RECORDS SHOWN
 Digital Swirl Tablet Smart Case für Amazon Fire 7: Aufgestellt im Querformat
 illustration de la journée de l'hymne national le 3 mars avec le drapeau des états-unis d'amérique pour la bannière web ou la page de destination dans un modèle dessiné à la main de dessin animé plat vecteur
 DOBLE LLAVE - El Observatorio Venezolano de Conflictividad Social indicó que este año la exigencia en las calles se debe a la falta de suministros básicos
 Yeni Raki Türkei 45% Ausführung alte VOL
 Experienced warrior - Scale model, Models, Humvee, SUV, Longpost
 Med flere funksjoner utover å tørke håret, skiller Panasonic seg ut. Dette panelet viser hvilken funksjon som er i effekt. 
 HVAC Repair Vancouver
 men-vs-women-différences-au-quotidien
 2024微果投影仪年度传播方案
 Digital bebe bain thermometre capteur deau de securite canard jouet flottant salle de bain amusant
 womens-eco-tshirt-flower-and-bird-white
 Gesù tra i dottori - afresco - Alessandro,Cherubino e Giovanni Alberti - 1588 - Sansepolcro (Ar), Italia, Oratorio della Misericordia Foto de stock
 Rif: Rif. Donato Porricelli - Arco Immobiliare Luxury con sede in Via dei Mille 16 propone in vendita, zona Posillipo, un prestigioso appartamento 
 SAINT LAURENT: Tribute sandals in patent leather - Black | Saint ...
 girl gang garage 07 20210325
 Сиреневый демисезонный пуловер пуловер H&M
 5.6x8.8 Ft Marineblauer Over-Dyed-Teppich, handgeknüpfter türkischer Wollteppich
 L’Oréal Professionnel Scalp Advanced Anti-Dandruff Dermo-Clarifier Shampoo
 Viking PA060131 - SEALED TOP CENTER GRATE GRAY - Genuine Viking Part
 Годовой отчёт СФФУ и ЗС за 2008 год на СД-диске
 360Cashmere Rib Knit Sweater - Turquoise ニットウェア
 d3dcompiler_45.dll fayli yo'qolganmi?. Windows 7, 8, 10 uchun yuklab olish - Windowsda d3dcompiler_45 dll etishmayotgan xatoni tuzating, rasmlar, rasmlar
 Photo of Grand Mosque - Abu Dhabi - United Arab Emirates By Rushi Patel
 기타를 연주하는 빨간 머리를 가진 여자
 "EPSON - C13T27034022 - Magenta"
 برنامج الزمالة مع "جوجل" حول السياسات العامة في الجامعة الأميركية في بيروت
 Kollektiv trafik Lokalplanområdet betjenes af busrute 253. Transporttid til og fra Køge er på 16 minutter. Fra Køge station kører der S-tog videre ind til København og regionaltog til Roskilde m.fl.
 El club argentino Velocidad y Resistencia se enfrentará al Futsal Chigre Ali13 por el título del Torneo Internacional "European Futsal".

EXERCISE DESCRIPTION
All the entries should be written out again precisely.

ANSWER
 Digital Swirl Tablet Smart Case für Amazon Fire 7: Aufgestellt im Querformat
 illustration de la journée de l'hymne national le 3 mars avec le drapeau des états-unis d'amérique pour la bannière web ou la page de destination dans un modèle dessiné à la main de dessin animé plat vecteur
 DOBLE LLAVE - El Observatorio Venezolano de Conflictividad Social indicó que este año la exigencia en las calles se debe a la falta de suministros básicos
 Yeni Raki Türkei 45% Ausführung alte VOL
 Experienced warrior - Scale model, Models, Humvee, SUV, Longpost
 Med flere funksjoner utover å tørke håret, skiller Panasonic seg ut. Dette panelet viser hvilken funksjon som er i effekt. 
 HVAC Repair Vancouver
 men-vs-women-différences-au-quotidien
 2024微果投影仪年度传播方案
 Digital bebe bain thermometre capteur deau de securite canard jouet flottant salle de bain amusant
 womens-eco-tshirt-flower-and-bird-white
 Gesù tra i dottori - afresco - Alessandro,Cherubino e Giovanni Alberti - 1588 - Sansepolcro (Ar), Italia, Oratorio della Misericordia Foto de stock
 Rif: Rif. Donato Porricelli - Arco Immobiliare Luxury con sede in Via dei Mille 16 propone in vendita, zona Posillipo, un prestigioso appartamento 
 SAINT LAURENT: Tribute sandals in patent leather - Black | Saint ...
 girl gang garage 07 20210325
 Сиреневый демисезонный пуловер пуловер H&M
 5.6x8.8 Ft Marineblauer Over-Dyed-Teppich, handgeknüpfter türkischer Wollteppich
 L’Oréal Professionnel Scalp Advanced Anti-Dandruff Dermo-Clarifier Shampoo
 Viking PA060131 - SEALED TOP CENTER GRATE GRAY - Genuine Viking Part
 Годовой отчёт СФФУ и ЗС за 2008 год на СД-диске
 360Cashmere Rib Knit Sweater - Turquoise ニットウェア
 d3dcompiler_45.dll fayli yo'qolganmi?. Windows 7, 8, 10 uchun yuklab olish - Windowsda d3dcompiler_45 dll etishmayotgan xatoni tuzating, rasmlar, rasmlar
 Photo of Grand Mosque - Abu Dhabi - United Arab Emirates By Rushi Patel
 기타를 연주하는 빨간 머리를 가진 여자
 "EPSON - C13T27034022 - Magenta"
 برنامج الزمالة مع "جوجل" حول السياسات العامة في الجامعة الأميركية في بيروت
 Kollektiv trafik Lokalplanområdet betjenes af busrute 253. Transporttid til og fra Køge er på 16 minutter. Fra Køge station kører der S-tog videre ind til København og regionaltog til Roskilde m.fl.
 El club argentino Velocidad y Resistencia se enfrentará al Futsal Chigre Ali13 por el título del Torneo Internacional "European Futsal".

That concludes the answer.